The Fixed Stars by Molly Wizenberg
Show-off Bias alert: I am lucky enough to know Molly in real life!4
Molly Wizenberg, a writer and restaurant co-owner, was a married mother of one when she was surprised to find herself attracted to a woman while serving on jury duty in her mid 30s. The growing understanding that she wasn’t as straight as she’d assumed herself to be catapulted her into unexpected and uncharted territory. Confused, overwhelmed and apprehensive at this life overhaul, Molly followed her curiosity through intellectual, emotional and physical avenues as she questioned her self, her sexuality, her assumed role and the structure of her family. She takes the reader along her meandering and messy ups and downs during a time of incredible upheaval as she learns what she wants to claim and name for herself.
This book departs from Molly’s earlier writings as it steps away from a food centric lens and the story is explored in short vignettes which makes it compulsively readable. Her voice is raw and direct as she searches; searches herself, her memories, the world and words, curious and hopeful for understanding, clarity, permission and definition. Her specificity makes a scene come alive and I sometimes felt almost guilty, as if I were a voyeur leering greedily into a friend’s life. As someone who grew up being taught a dangerously dogmatic view of queerness, Molly’s inclusions of the roadmap of words and ideas that populated her growing understanding of herself, her family and her new community was immensely interesting and helpful.
Extra Credit #1: Molly used to write the James Beard award winning food blog Orangette and now writes a superb Substack called I’ve Got a Feeling that brings canny, bright and lovingly specific attention to the everyday.
Extra Credit #2: Molly is the co-host of the previously mentioned podcast I produce, Spilled Milk, where she tolerates her co-host Matthew, goes too deep into corporate history and sometimes laughs till she cries. We have fun.
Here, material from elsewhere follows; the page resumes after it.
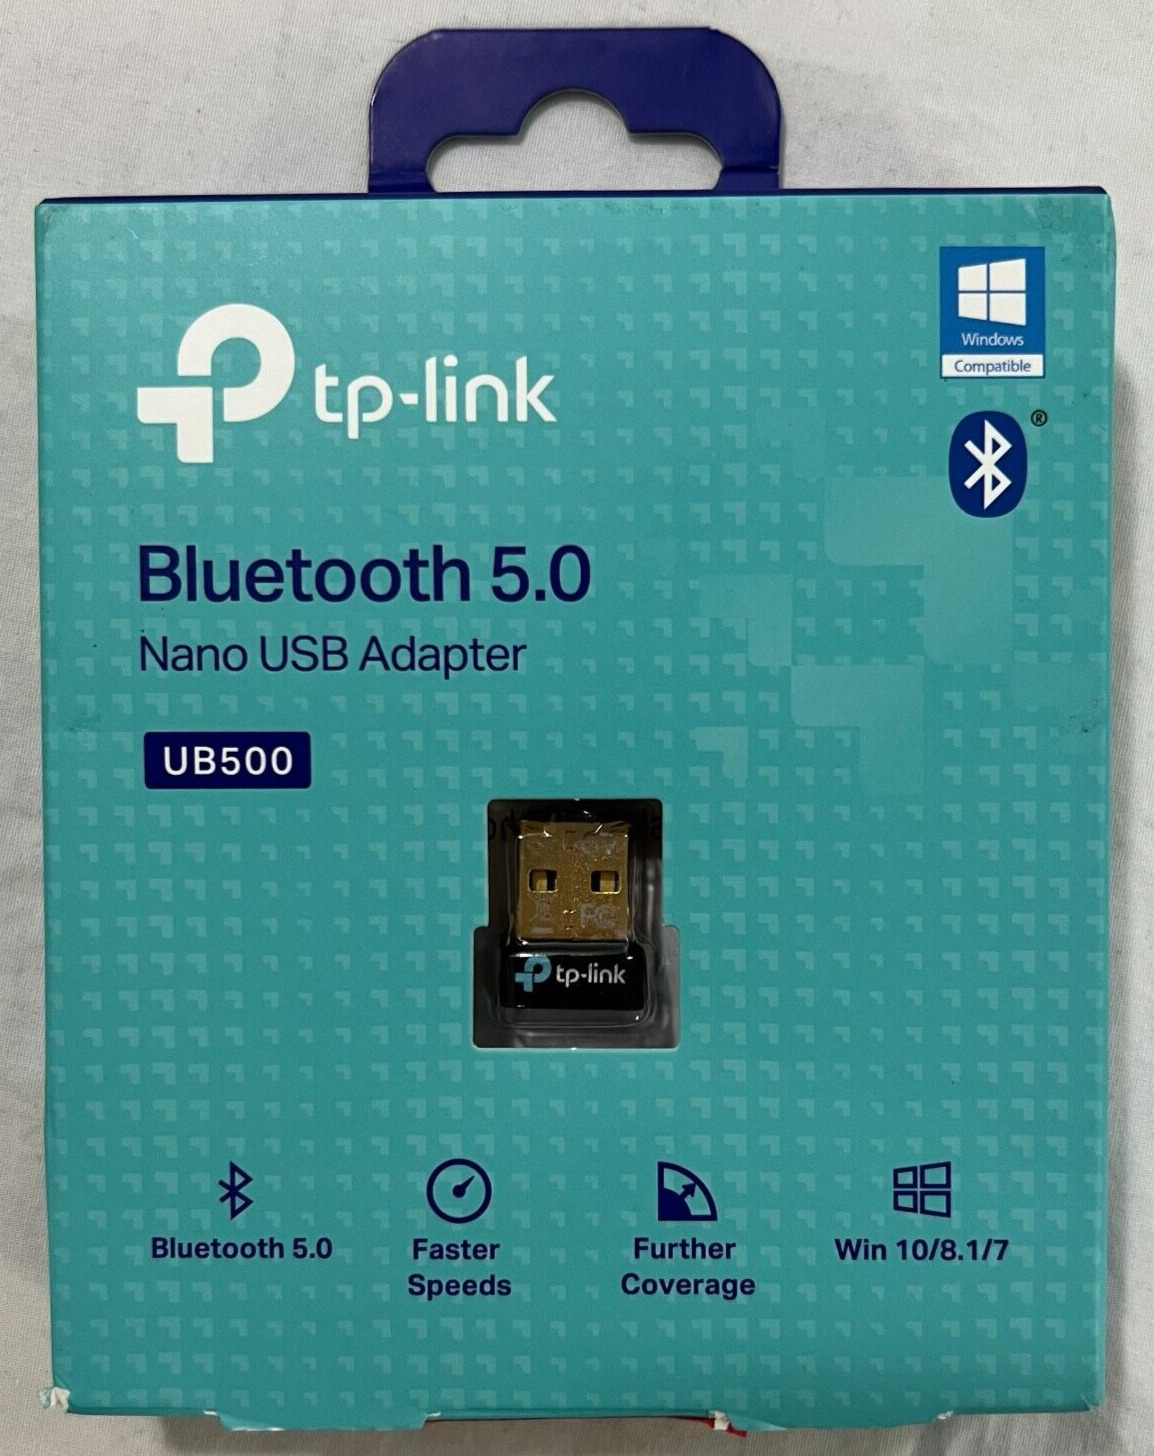 TP-Link UB500 Bluetooth 5.0 Wireless USB Dongle Adapter for PC Computer/XBox/PS4

You should listen.
In the fiction of the self, the self is both author and character: We are constantly writing the novel of ourselves, inventing more and more of it on demand, in response to what the world asks of us. In this way, parts of us that are not exactly known or defined at one time become better defined as we go on creating; we can't undo anything, but we can clarify and interpret. …
I'd wanted so much to have a story that behaved, but instead I have a self.
Have you read any of these? Do you have any other family centric memoirs to share?
previous installment = memoirs: body and mind
see all my thoughts on covers
in fact i just saw her yesterday. we played balderdash. this sounds made up but i assure you it is not.
I've been meaning to go back and comment on this, because when this newsletter showed up in my inbox I literally said, "YES THIS IS MY JAM." I have read two of these three (haven't read Priestdaddy) and they were both so good. Hard to choose which to recommend among the many family memoirs I've read in recent years. Nicole Chung's two books, for sure. While it's even more a family history than a memoir, I really liked Mott Street by Ava Chin. I enjoy memoirs in which the authors are researching and making discoveries about their family, like Inheritance by Dani Shapiro. I just started reading Group Living and Other Recipes, a memoir by Lola Milholland.
Priestdaddy finally got added to our digital library catalog! I’ve been wanting to read it since your last post that included it, so I’m glad you mentioned it again.